Nifedipine inhibits movement of cardiac calcium channels through late, but not early, gating transitions

R. W. Hadley, W. J. Lederer

Research output: Contribution to journalArticlepeer-review

12 Scopus citations


L-type Ca2+ channels were studied in guinea pig ventricular myocytes by examining how photoinactivation of nifedipine affected the Ca2+ current (I(Ca)) and the Ca2+ channel gating current (Ig). 1(Ca), blocked by nifedipine, reappeared in qualitatively different phases (immediate and delayed) following photoinactivation of nifedipine. Immediate recovery was attributed to unblock of closed Ca2+ channels, while delayed recovery was attributed to unblock of inactivated channels. In contrast to the I(Ca) results, photoinactivation of nifedipine produced only delayed recovery of I(g).

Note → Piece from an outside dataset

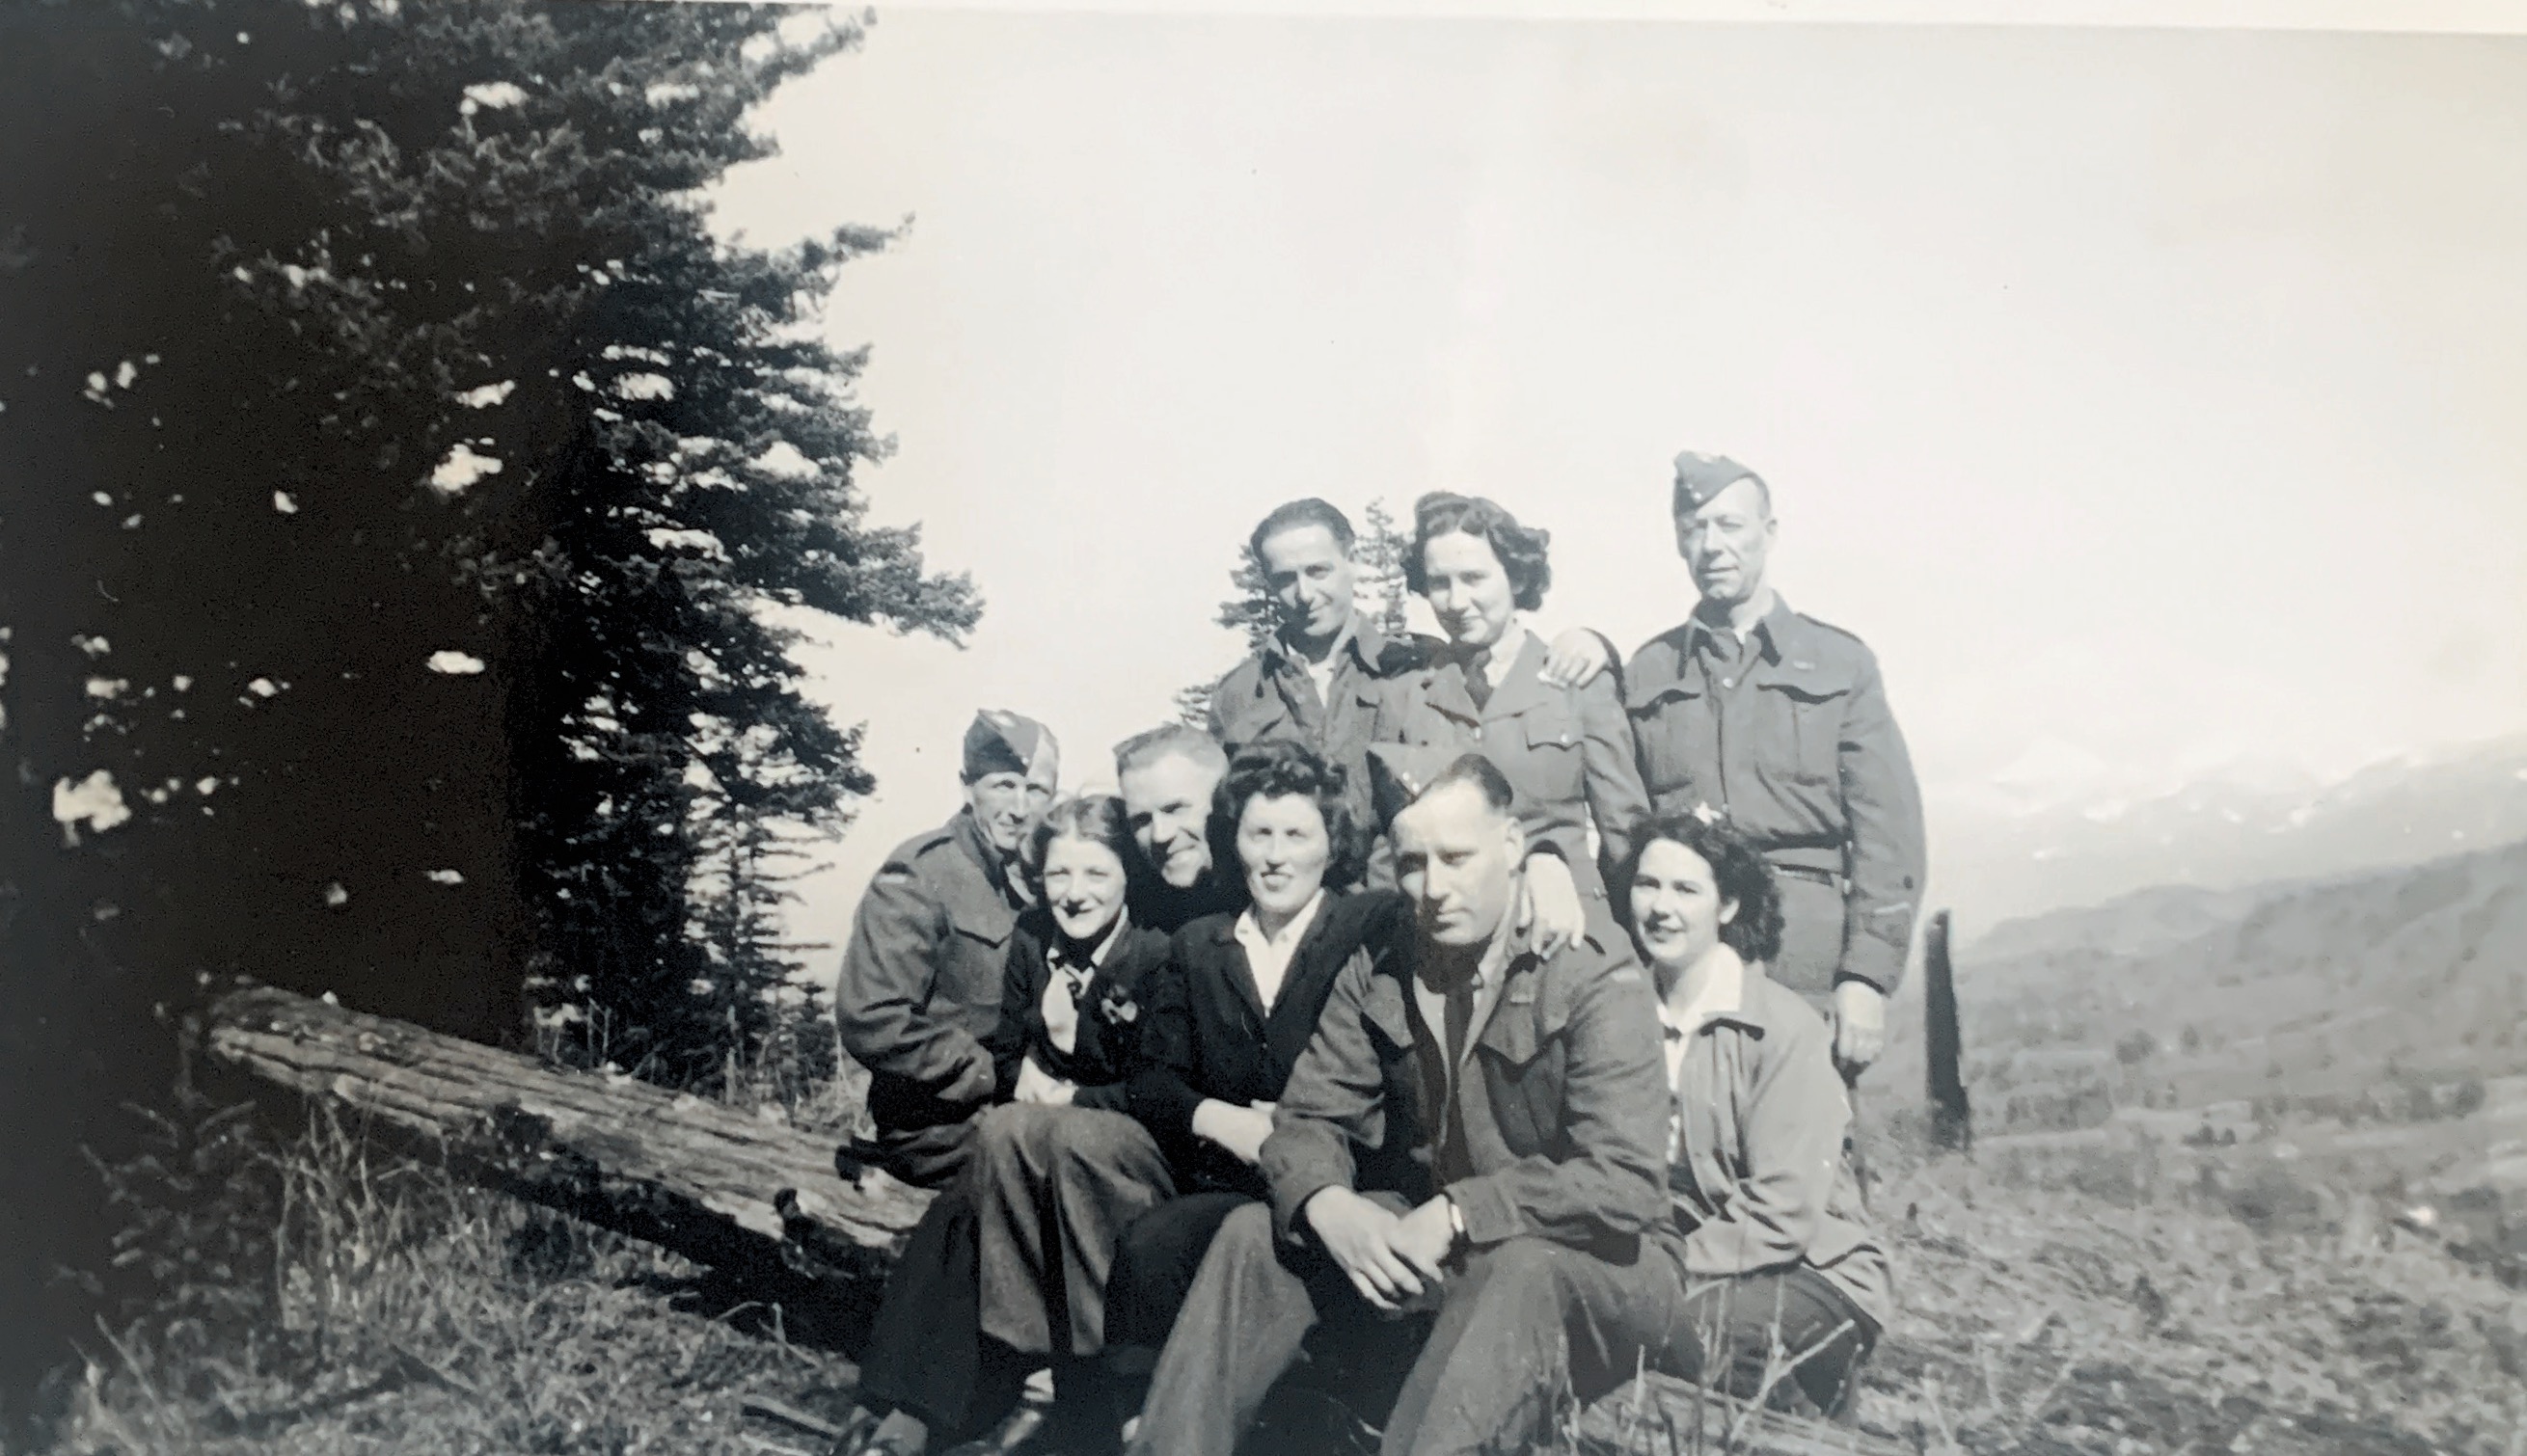 June 1945 Gang up on PJ Hill. “Butch” Stewart was killed on a jeep accident later.

Analysis of these results suggests the following conclusions. First, the actions of inhibitory dihydropyridines can be attributed to binding to either the inactivated or the closed conformation, but only binding to the inactivated state is associated with reduction of I(g). Second, the action of inhibitory dihydropyridines on closed channels is to retard their movement through a final, voltage-independent transition to the open state. This effect seems to be the converse of a major action of stimulatory dihydropyridines and thus is the principal mechanistic difference between stimulatory and inhibitory dihydropyridines.

Original languageEnglish
Pages (from-to)H1784-H1790
JournalAmerican Journal of Physiology - Heart and Circulatory Physiology
Issue number5 38-5
StatePublished - 1995


  • calcium channel blockers
  • dihydropyridines
  • gating current

ASJC Scopus subject areas

  • Physiology
  • Cardiology and Cardiovascular Medicine
  • Physiology (medical)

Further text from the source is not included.